Go through the data and copy every line exactly, but not the images.

* Data:
┄┄┄┄┄┄┄┄┄┄┄┄┄┄┄┄┄┄┄┄

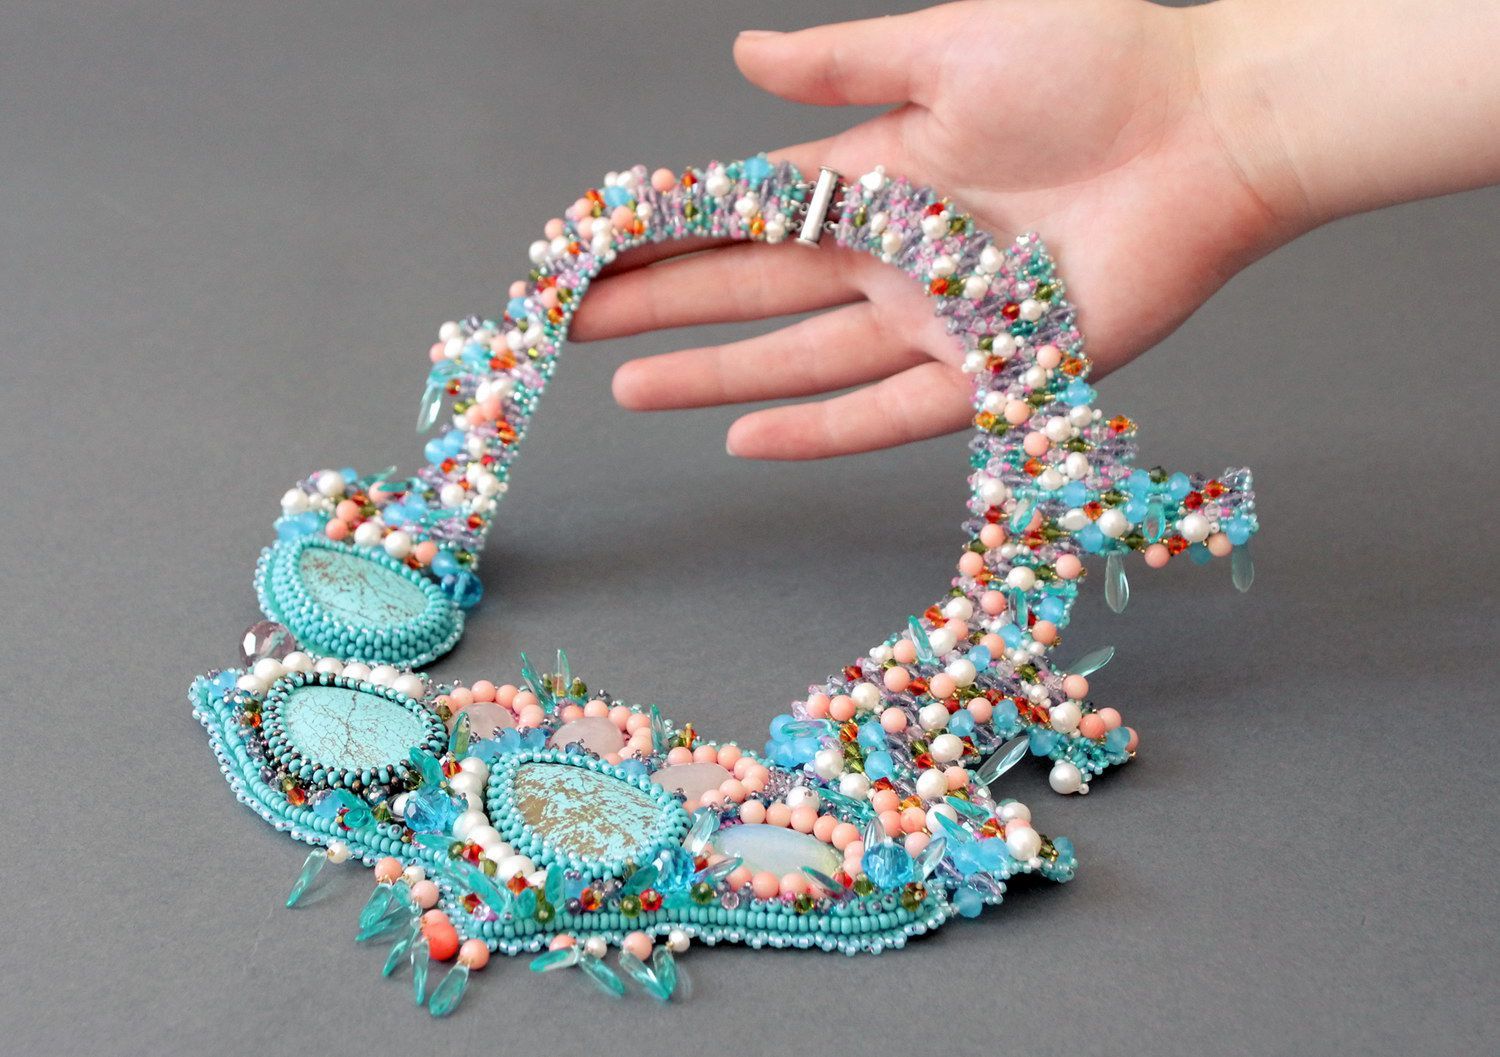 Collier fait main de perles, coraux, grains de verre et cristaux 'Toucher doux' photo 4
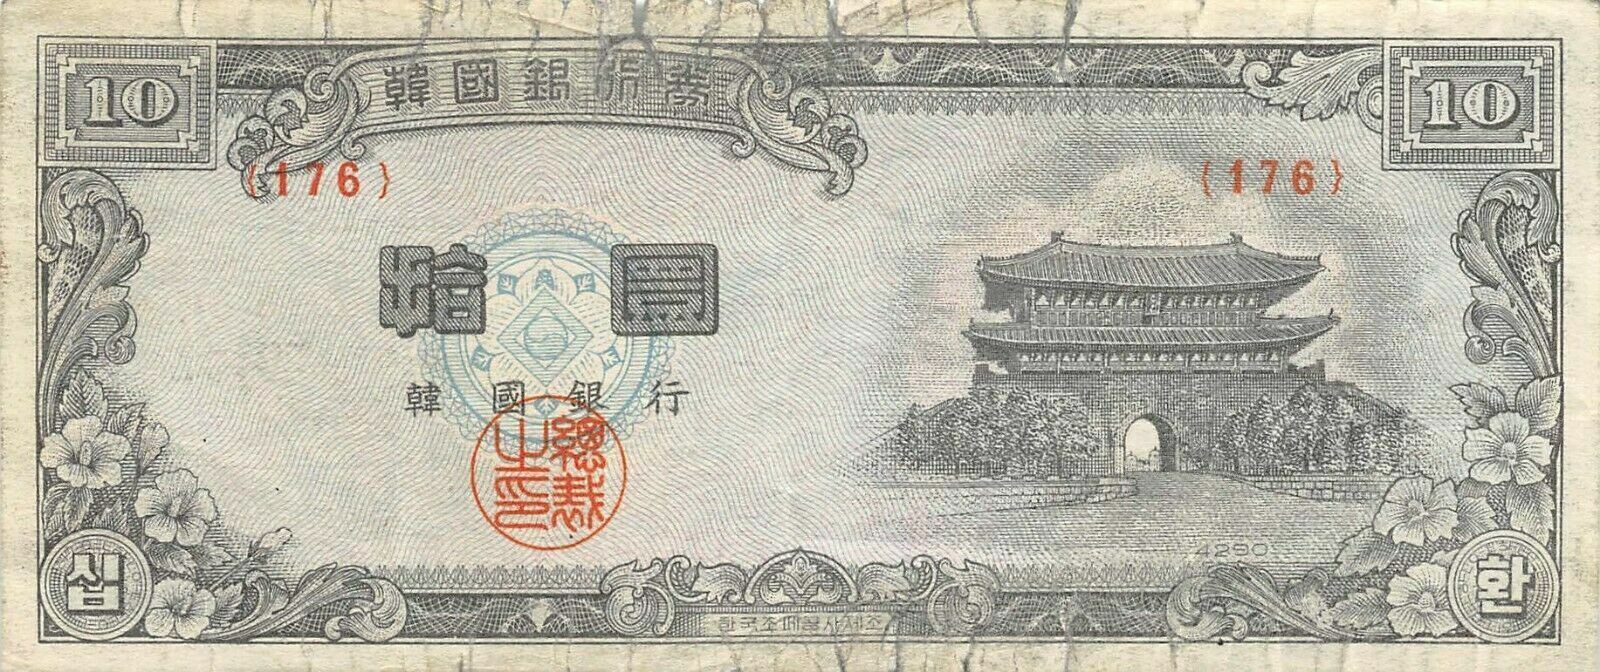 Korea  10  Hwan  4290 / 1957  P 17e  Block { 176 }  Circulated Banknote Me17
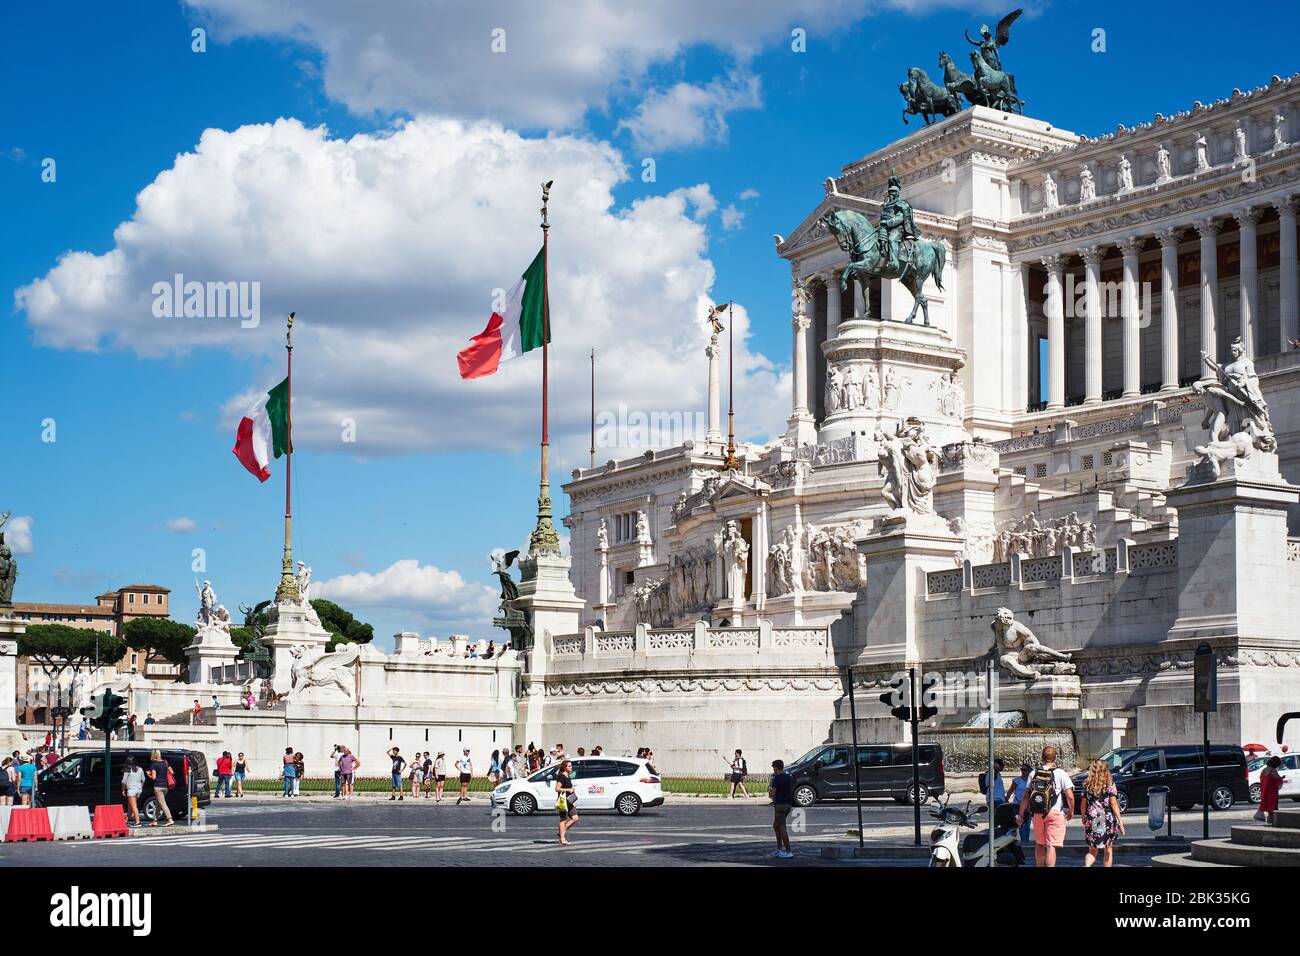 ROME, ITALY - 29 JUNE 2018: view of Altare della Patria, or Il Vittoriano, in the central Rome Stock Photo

┄┄┄┄┄┄┄┄┄┄┄┄┄┄┄┄┄┄┄┄

* Output for this task:
 Collier fait main de perles, coraux, grains de verre et cristaux 'Toucher doux' photo 4
 Korea  10  Hwan  4290 / 1957  P 17e  Block { 176 }  Circulated Banknote Me17
 ROME, ITALY - 29 JUNE 2018: view of Altare della Patria, or Il Vittoriano, in the central Rome Stock Photo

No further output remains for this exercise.